Two weeks ago, Deutsche Telekom Chief Executive Timotheus Hoettges said he was open to any consolidation in the U.S. telecoms market. An exit from the U.S. would allow the German group to invest more in upgrading its network in its home market, as well as beef up its operations across Eastern Europe.
But the U.S. Federal Communications Commission chairman and the U.S. Justice Department chief have repeatedly raised concerns about such a tie-up, including the risk that it could lead to higher prices for consumers. U.S. regulators previously rejected AT&T’s $39 billion takeover bid for T-Mobile US in 2011.
As a break-up fee from the failed deal, AT&T gave T-Mobile a chunk of cash and mobile spectrum, which rejuvenated T-Mobile and allowed it to start winning customers again. Regulators say T-Mobile’s recent success shows that the market can sustain four companies.
Sources familiar with the Softbank-Deutsche Telekom talks said any deal would depend on whether they can persuade regulators to change their minds.
The two sides have been chipping away at other issues.
One possibility is for Deutsche Telekom to retain a roughly 15 percent in T-Mobile US as part of a deal, the sources said. That would help reduce the size of the equity check that Sprint has to write for T-Mobile US, while giving Deutsche Telekom the chance to benefit from potential synergies from the merger, they said.

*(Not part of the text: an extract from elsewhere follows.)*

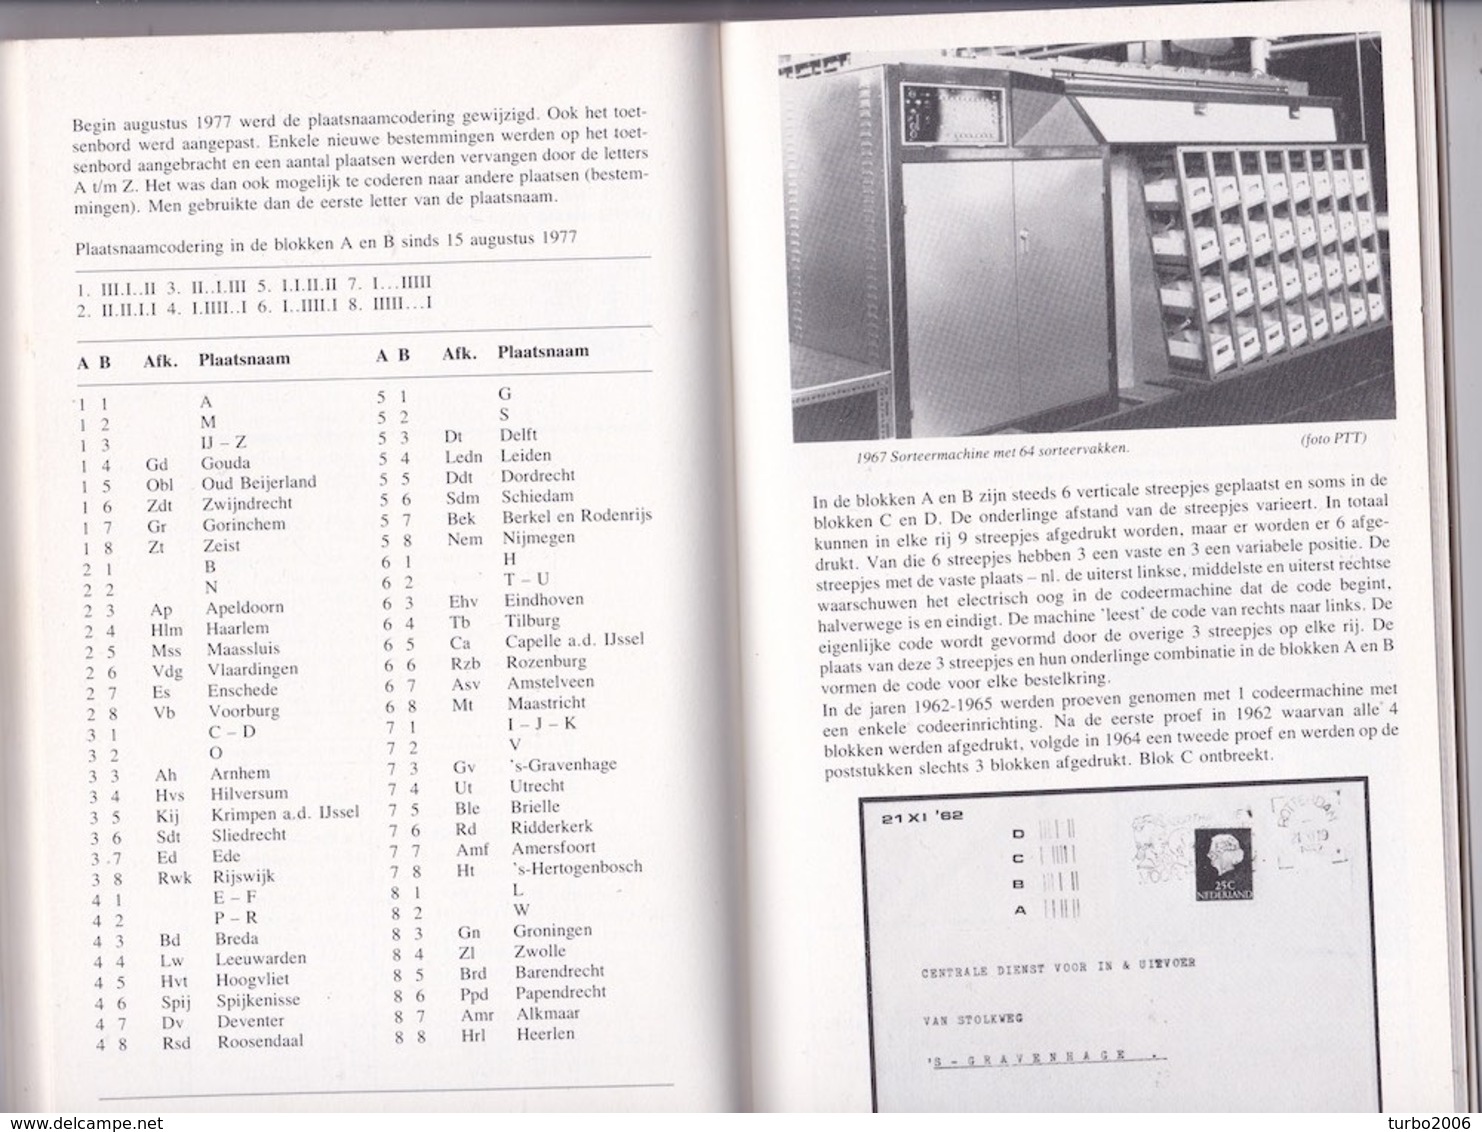 NEDERLAND : 1983 75 jaar  NBFV jubileumuitgave Zie scans met voorbeelden
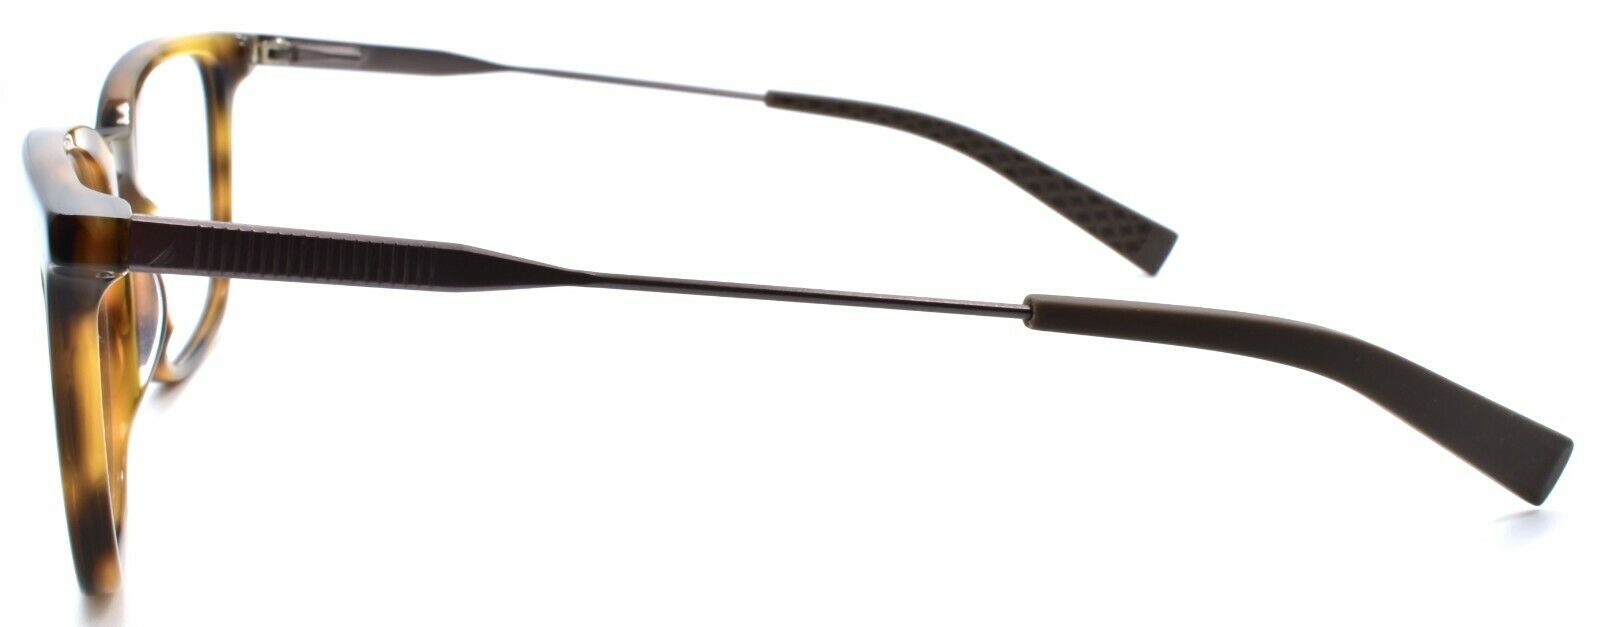 3-Nautica N8149 218 Men's Eyeglasses Frames 55-19-140 Brown Tortoise-886895432221-IKSpecs

Deutsche Telekom may also be more accommodating with Softbank regarding a break-up fee than it was with AT&T, the sources said. That is because T-Mobile is likely to be the surviving brand and its CEO, John Legere, is likely to lead the new combined company, thus avoiding a loss of subscribers and momentum it had to contend with during the drawn out regulatory process with AT&T, two of the sources said.
Earlier this month, a source told Reuters that Sprint was also meeting with banks to work out funding for its bid for smaller rival T-Mobile US, carrying an estimated $50 billion price tag.
One event that will drive a decision is the looming spectrum auction in the United States, which is expected to happen in the first half of 2015, one source familiar with Deutsche Telekom’s thinking said.
The auction offers carriers a chance to buy access to airwaves that are valued for their strength and reach. But the rules for the sale are dependent on the current competitive landscape, and if Sprint and T-Mobile were to combine, the FCC would have to rework them.
Deutsche Telekom shares were down 0.3 percent, while T-Mobile US shares were up 0.7 percent and Sprint’s shares gained 1.7 percent.
(Additional reporting by Sruthi Ramakrishnan in Bangalore, Peter Maushagen and Christoph Steitz in Frankfurt, Leila Abboud in Paris and Soyoung Kim in New York; Editing by Sophie Walker and Grant McCool)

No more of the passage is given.